PROMPT:
Please copy exactly the part of the records below that opens with the line containing "Andorra - Französische" and closes with the line containing "Switch Sides 2 - Sea Sandwich", leaving out any pictures.

EXTRACTED DATA:
********************

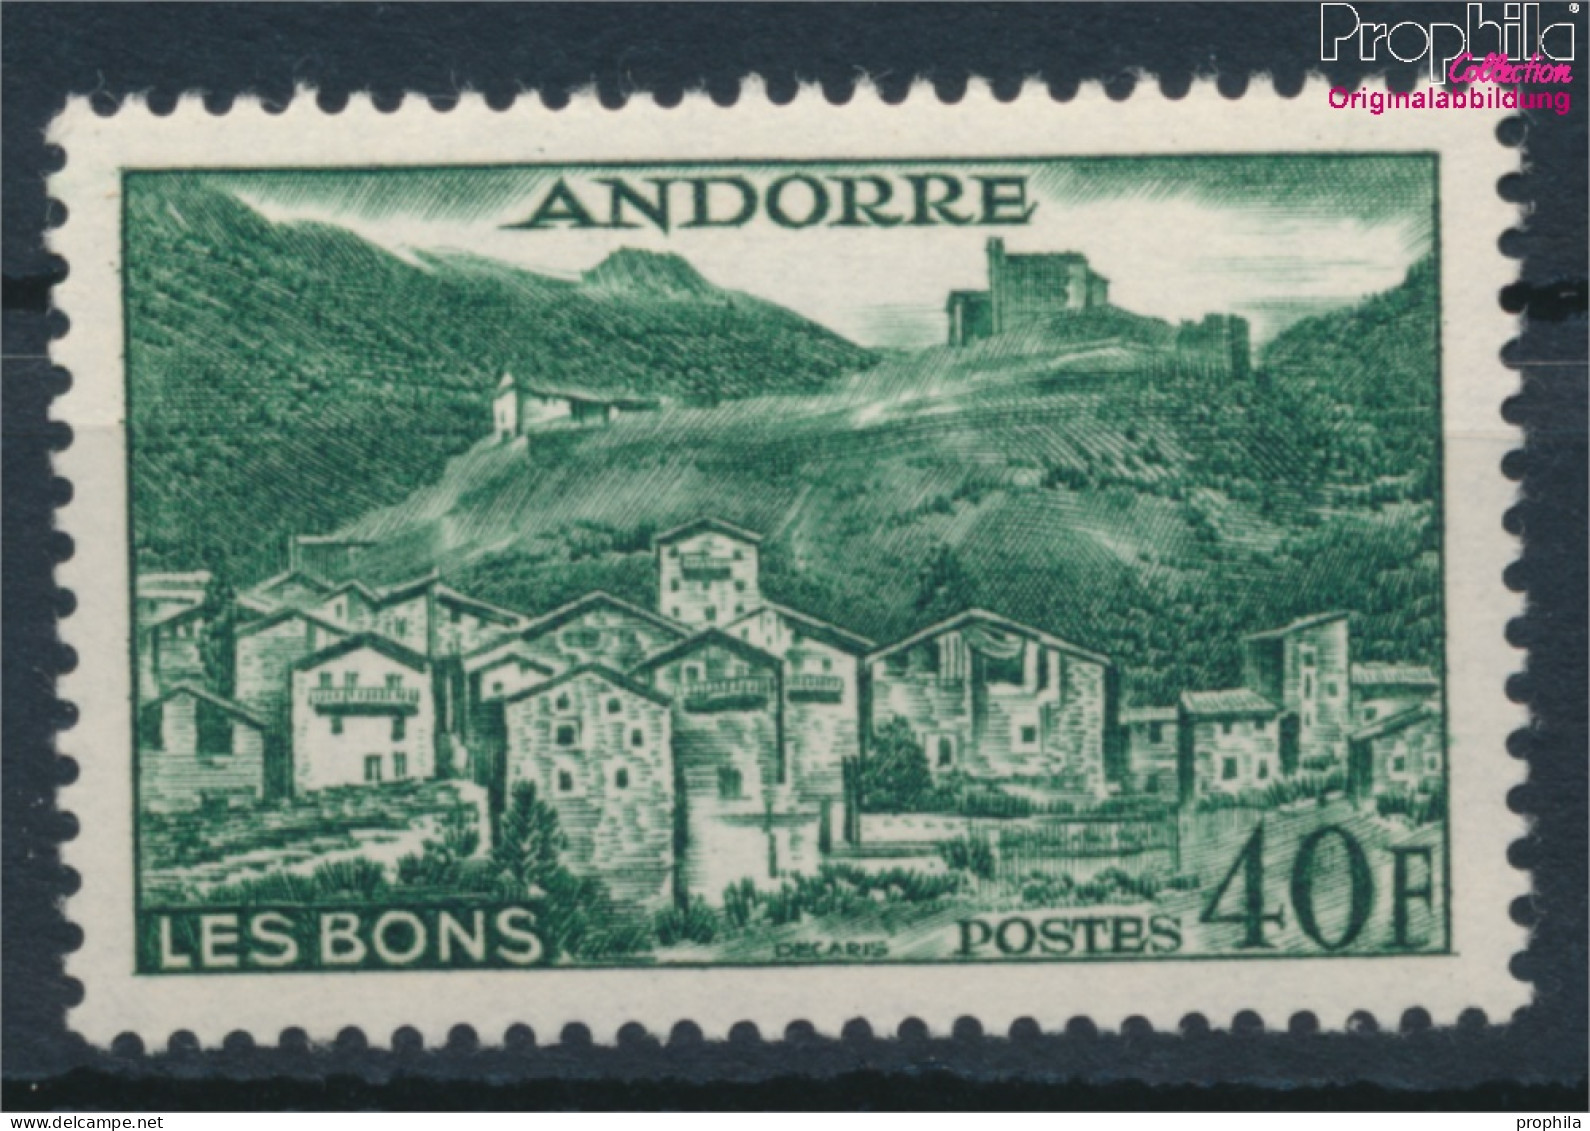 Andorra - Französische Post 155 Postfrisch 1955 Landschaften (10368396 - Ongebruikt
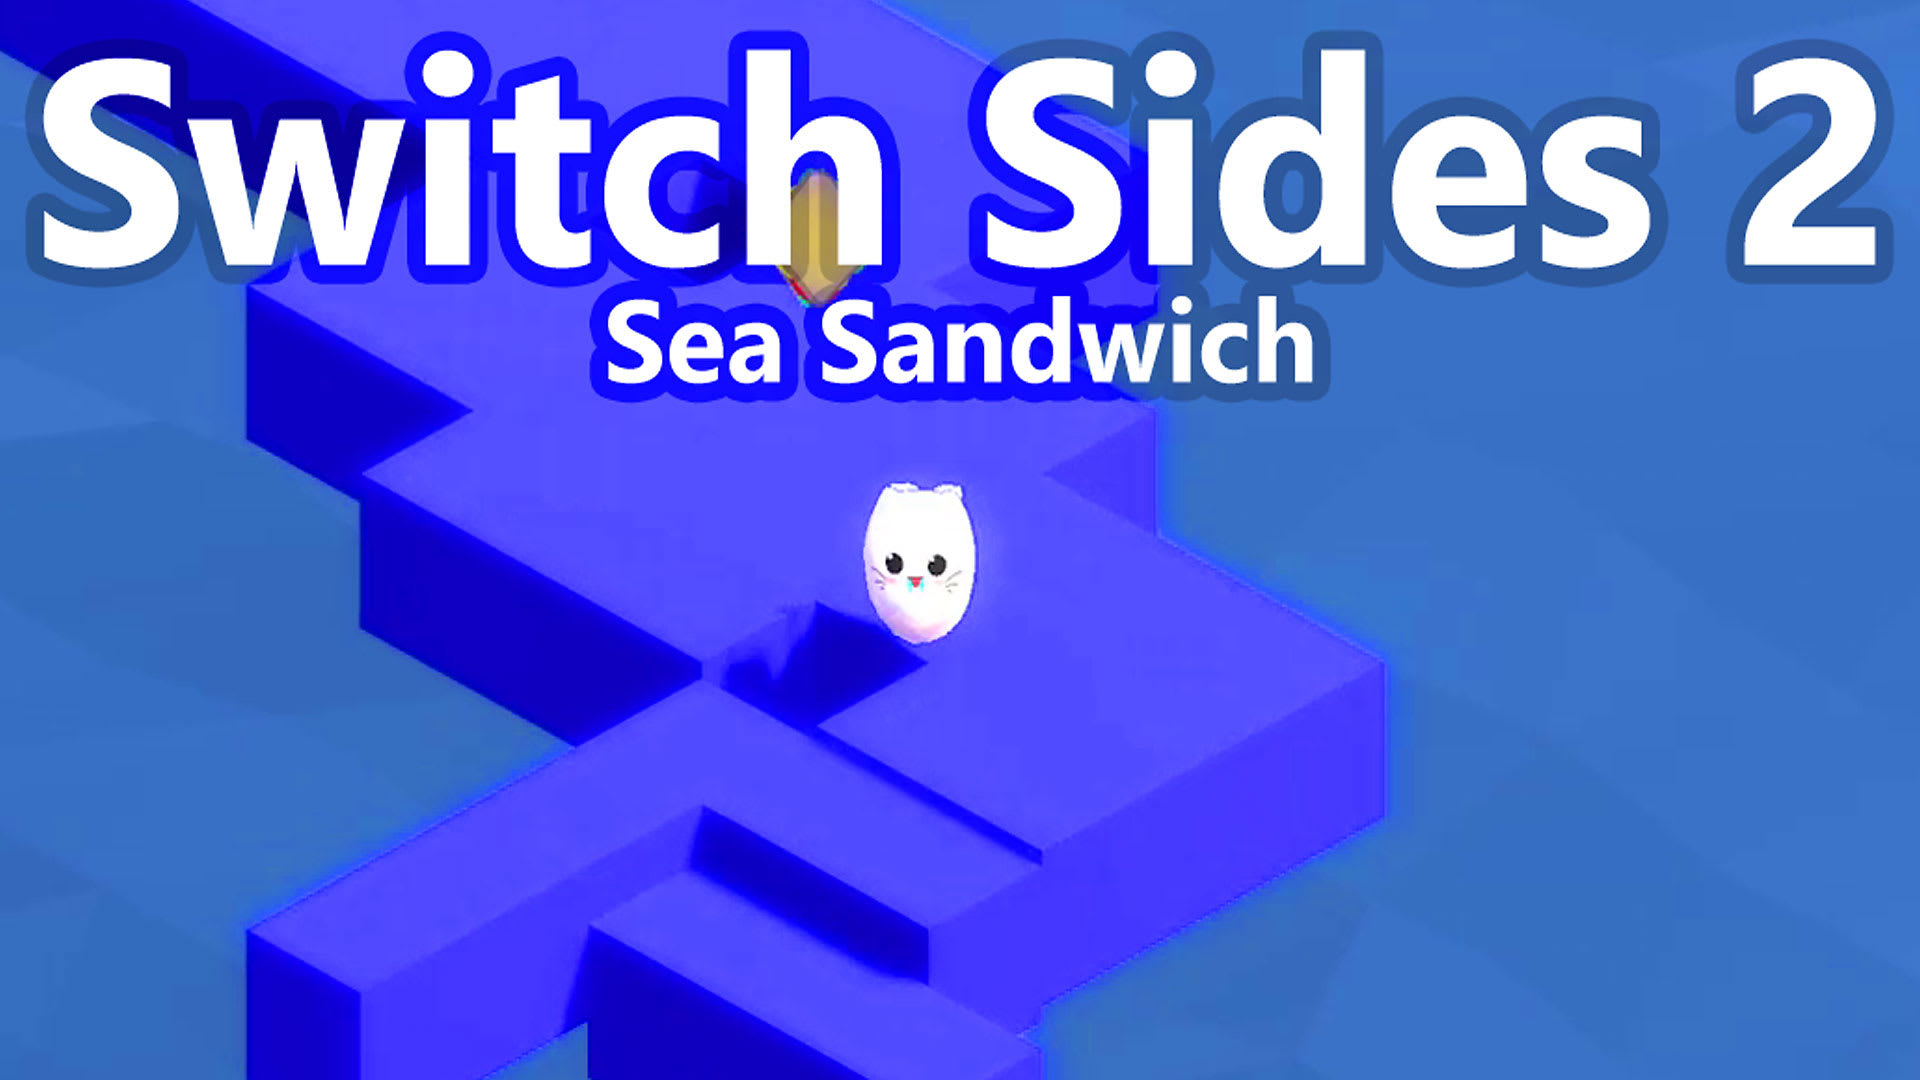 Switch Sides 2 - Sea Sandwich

********************

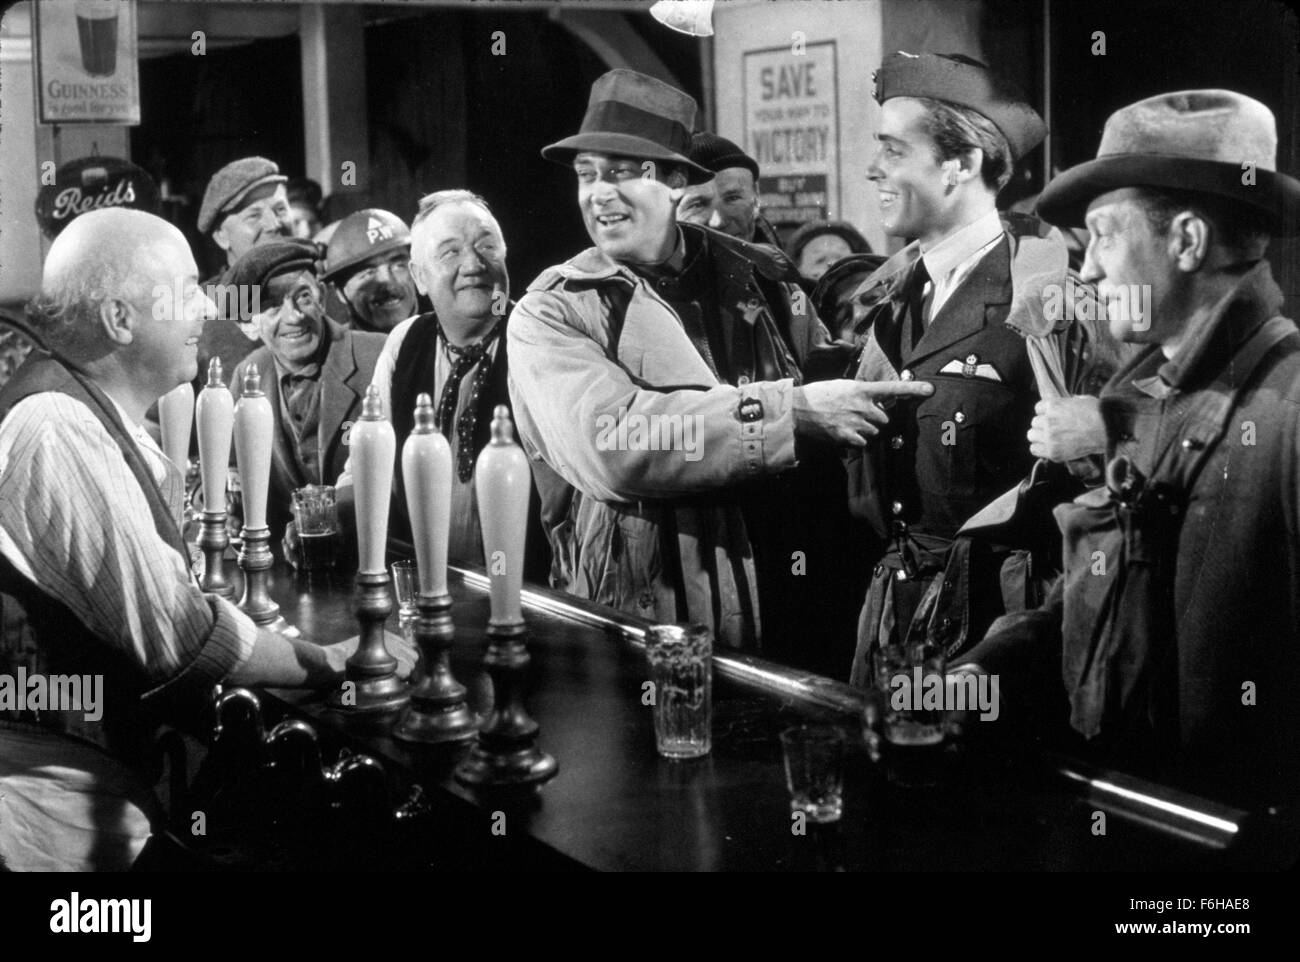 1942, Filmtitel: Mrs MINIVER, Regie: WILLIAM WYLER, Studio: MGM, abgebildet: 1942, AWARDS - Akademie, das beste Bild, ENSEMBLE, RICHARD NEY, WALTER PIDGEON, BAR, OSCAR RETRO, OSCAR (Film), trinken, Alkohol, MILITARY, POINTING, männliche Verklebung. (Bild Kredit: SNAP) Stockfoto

********************

RESPONSE:
 Andorra - Französische Post 155 Postfrisch 1955 Landschaften (10368396 - Ongebruikt
 Switch Sides 2 - Sea Sandwich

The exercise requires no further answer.